• Task statement: Your task is to return the listing below word for word, without any of its images.

• Recorded data:
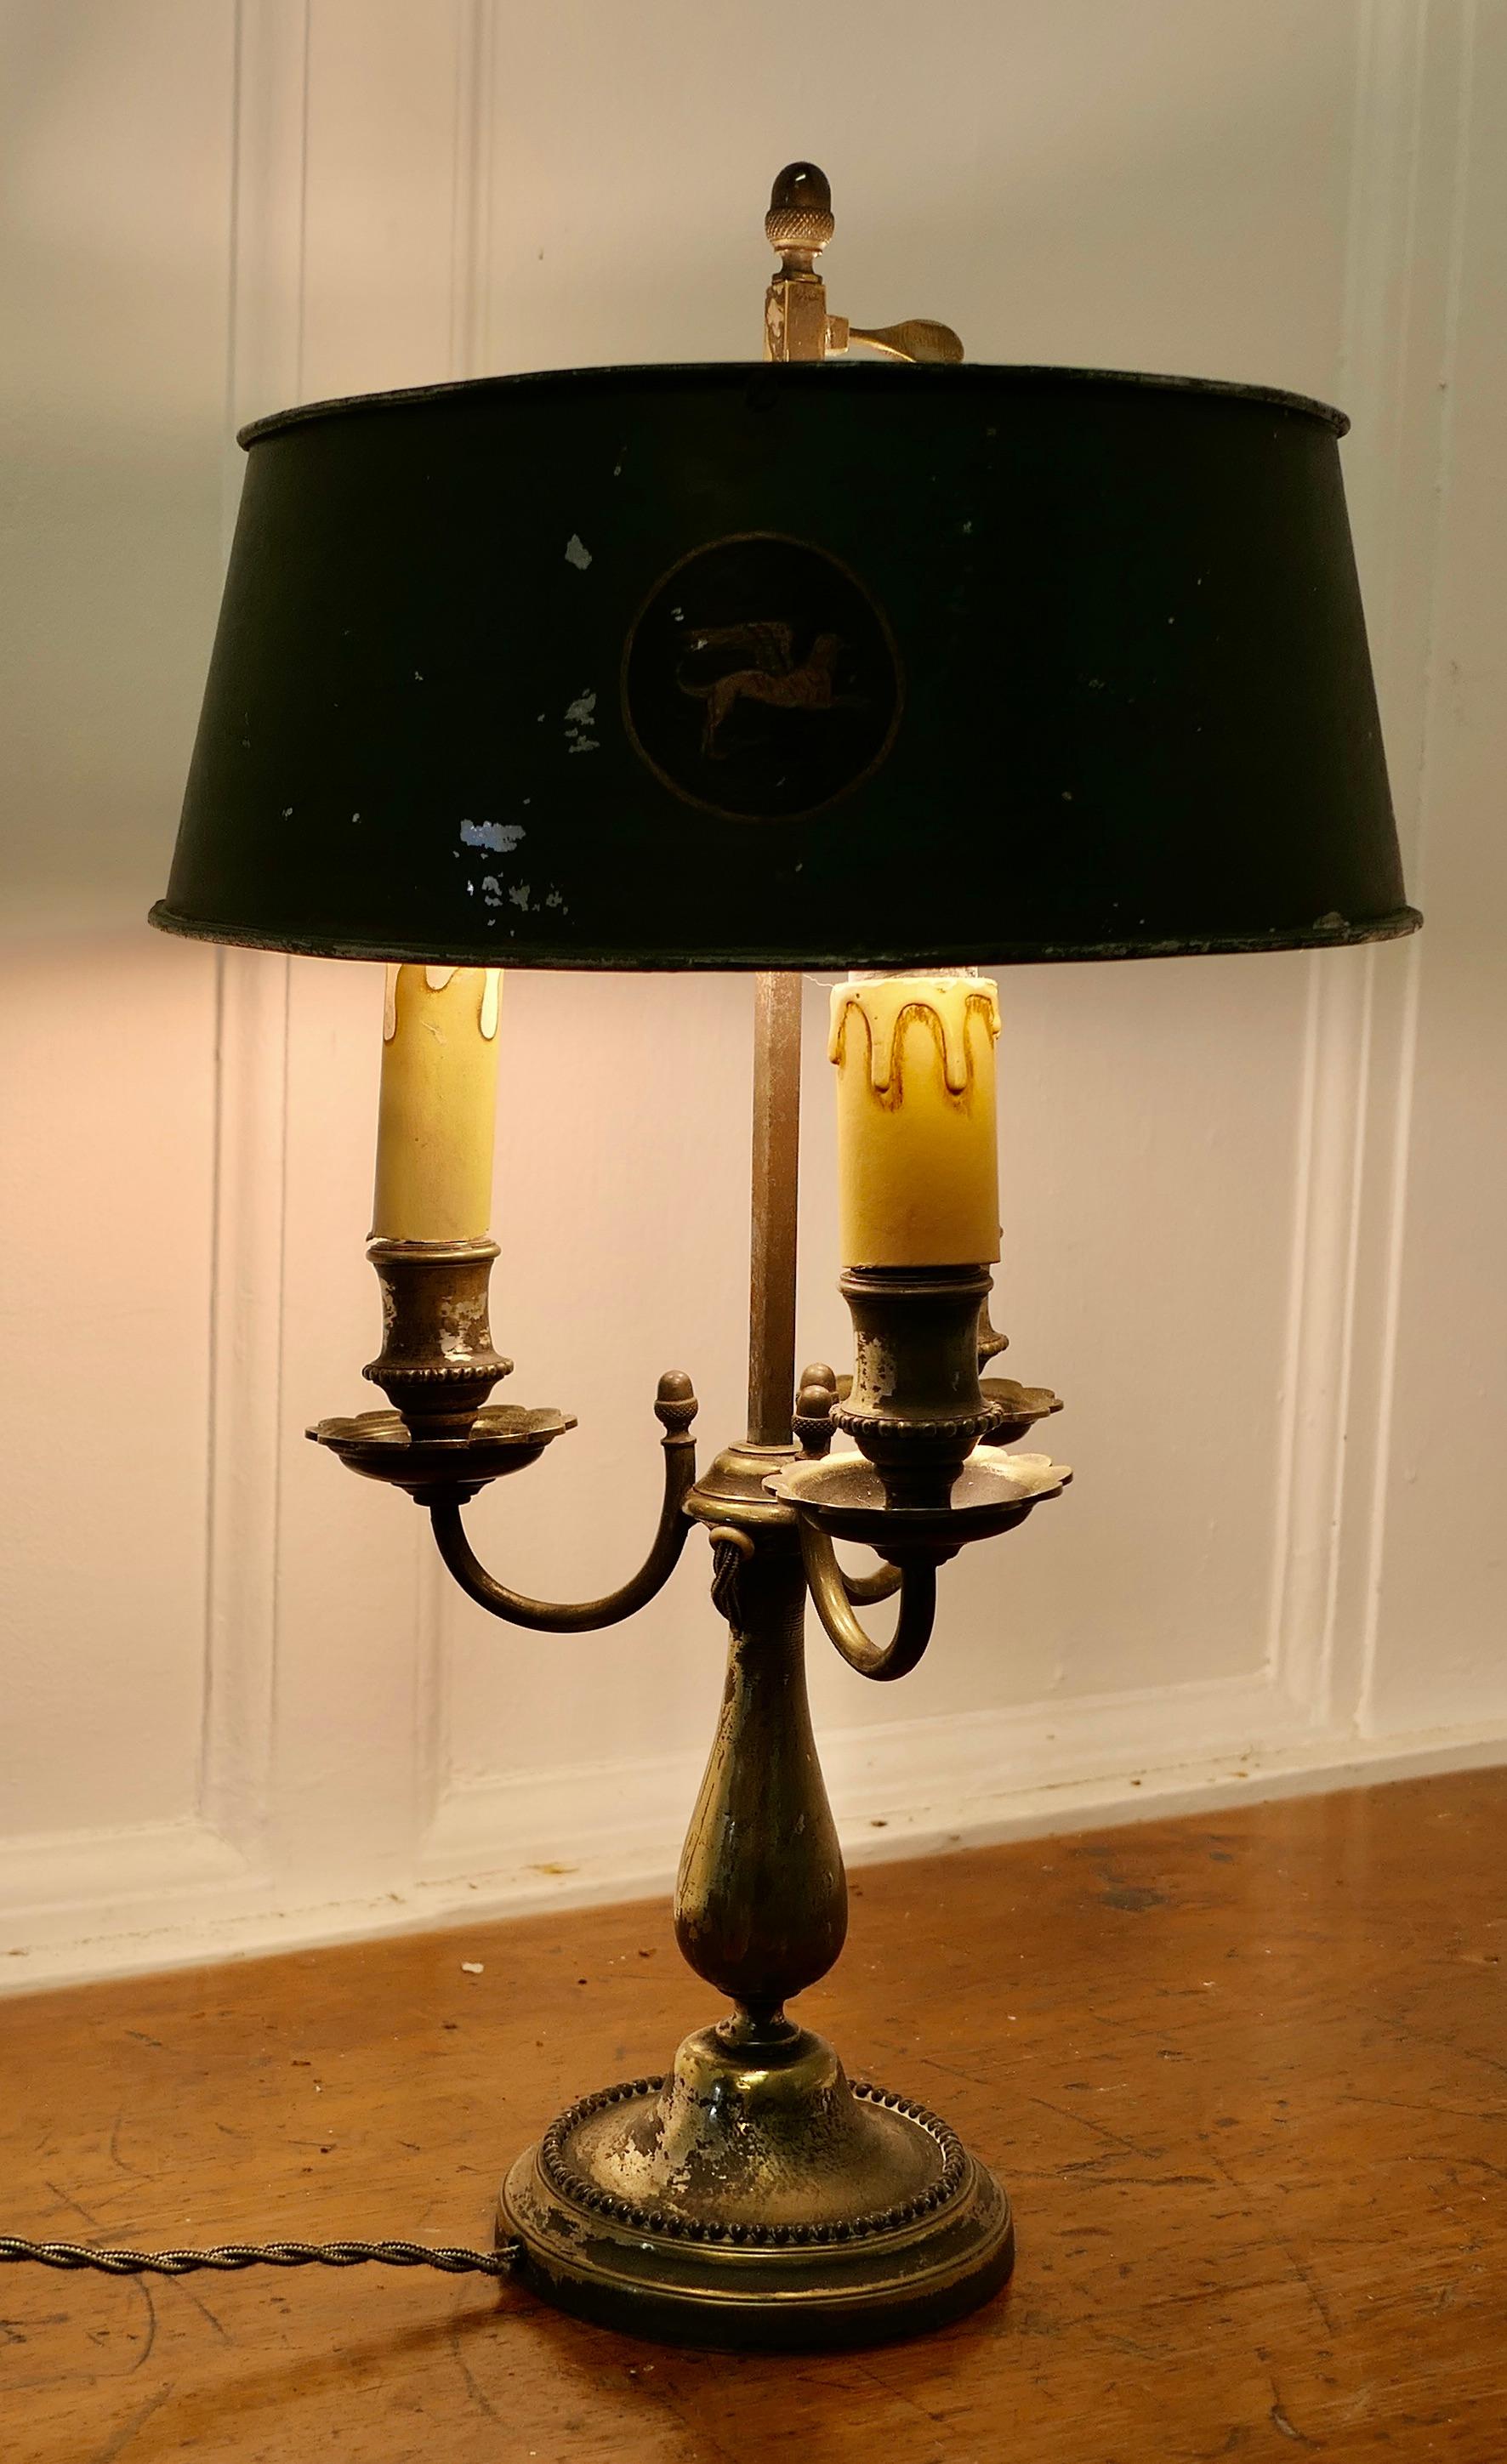 Dreifach versilberte französische Bouillotte-Schreibtischlampe

Ein schönes Stück, eine alte versilberte dreifache Leuchte, die mit dem originalen Toleware-Schirm mit mythischen Tieren verziert ist 
Die Lampe ist alles funktioniert und das Silber

• Expected answer:
 Dreifach versilberte französische Bouillotte-Schreibtischlampe

Ein schönes Stück, eine alte versilberte dreifache Leuchte, die mit dem originalen Toleware-Schirm mit mythischen Tieren verziert ist 
Die Lampe ist alles funktioniert und das Silber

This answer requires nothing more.